味噌

味噌汁はあまり沸騰させないものだが、豚汁を作るときは味噌を入れてから少し煮込むのがミソだ。

と、早速の駄洒落で恐縮だが、これは私の性分なのでご容赦願いたい。学友曰く、駄洒落を言うときの私は珍妙な笑みを浮かべているそうだ。稀ではあるが、駄洒落を言っていないにもかかわらず、表情のせいか間のせいか、何か駄洒落を言っているのではないかと勘繰られることがある。この場合、学友は考えるだけ損なので、私は少なからず罪悪感を覚える。

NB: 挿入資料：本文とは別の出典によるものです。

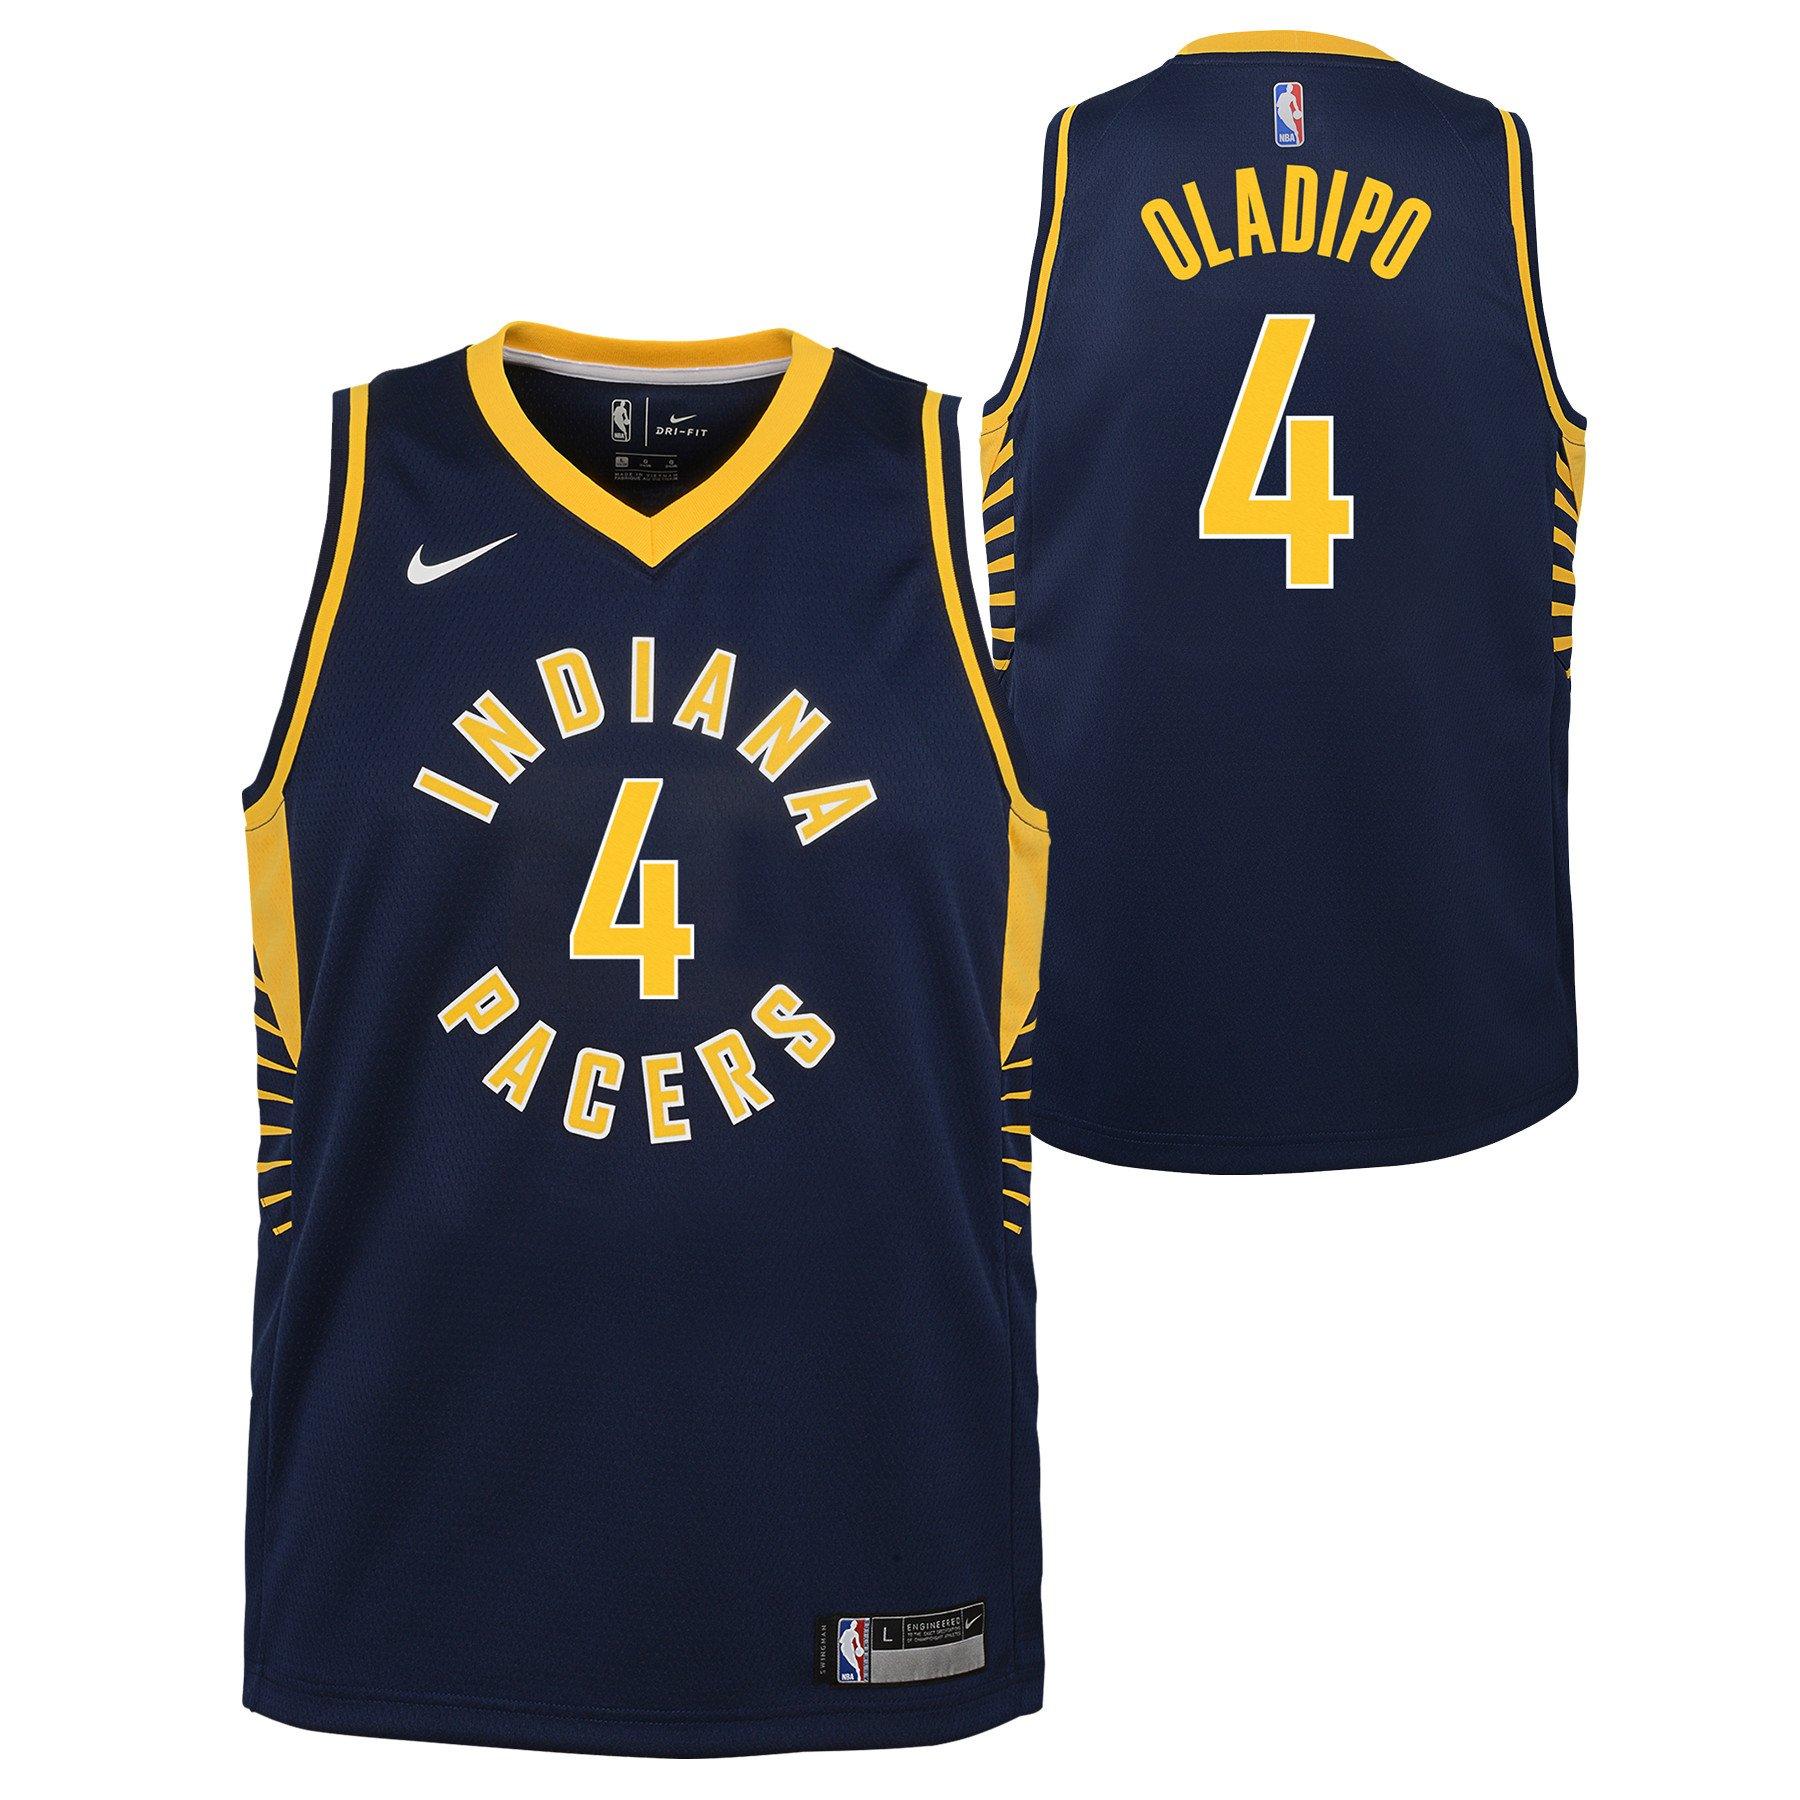 oladipo pacers jersey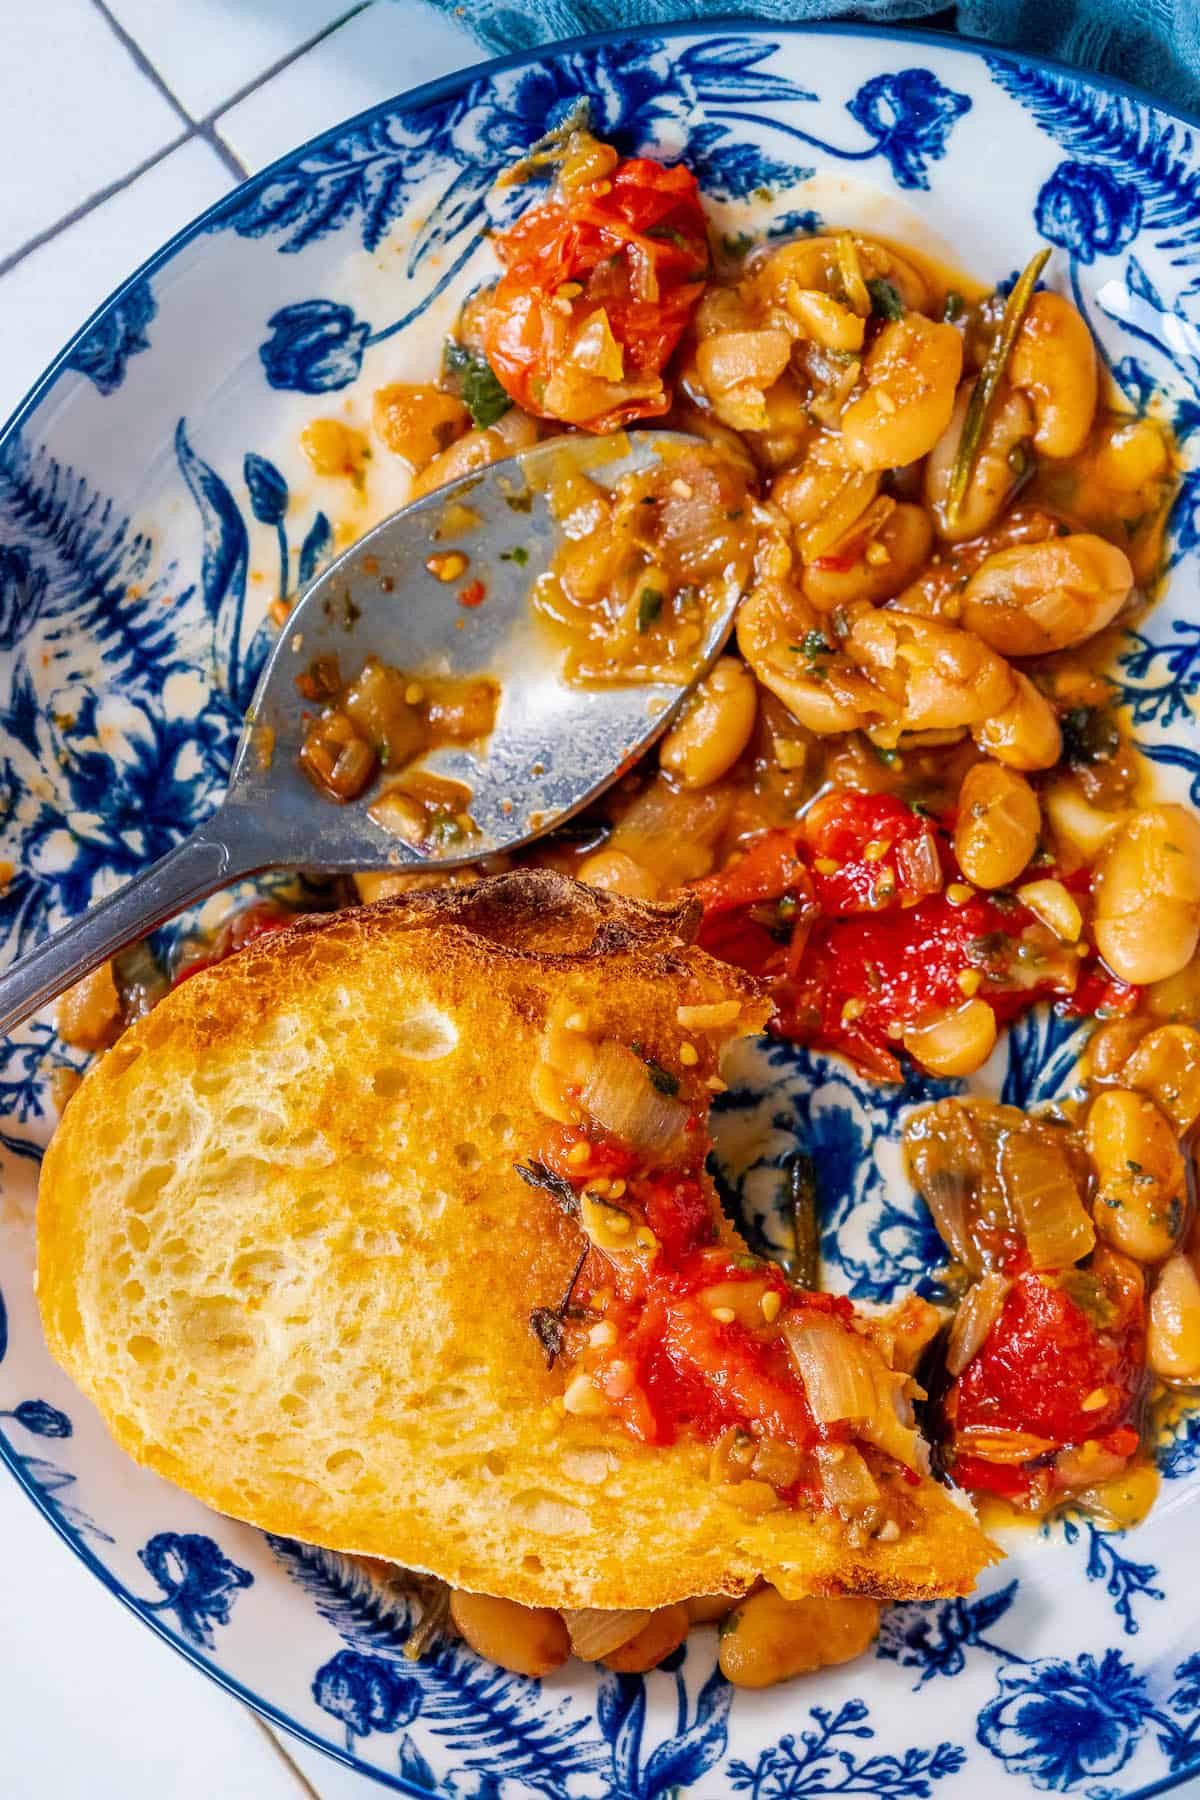 An SEO-optimized plate featuring flavorful white beans alongside vibrant tomatoes.

味噌で思い出したが、幼い頃、汁物に好みでランキングをつけていた時期があった。一位、魚のあら汁。二位、豚汁。三位、青魚のつみれ汁。もっともこれはうろ覚えで、三位以内にしじみ汁が入っていた気もする。しかしそんなことは些末な問題であり、魚介系を押しのけてまで豚汁がわざわざランクインしているということこそが、この話のキモだ。もとい、ミソだ。ヴァライェティ豊かな具材の織りなす複雑なアンサンブルは、魚好き少年をも虜にしたのだ。

考えてみれば、蟹味噌も脳味噌も味噌ではないし、蟹味噌が脳味噌というわけでもないから不思議なものだ。実のところ、蟹味噌は中腸腺という脊椎動物の肝臓と膵臓の機能を合わせ持った器官なのだそうだ。

ところで、この話のキモは何なのだろう。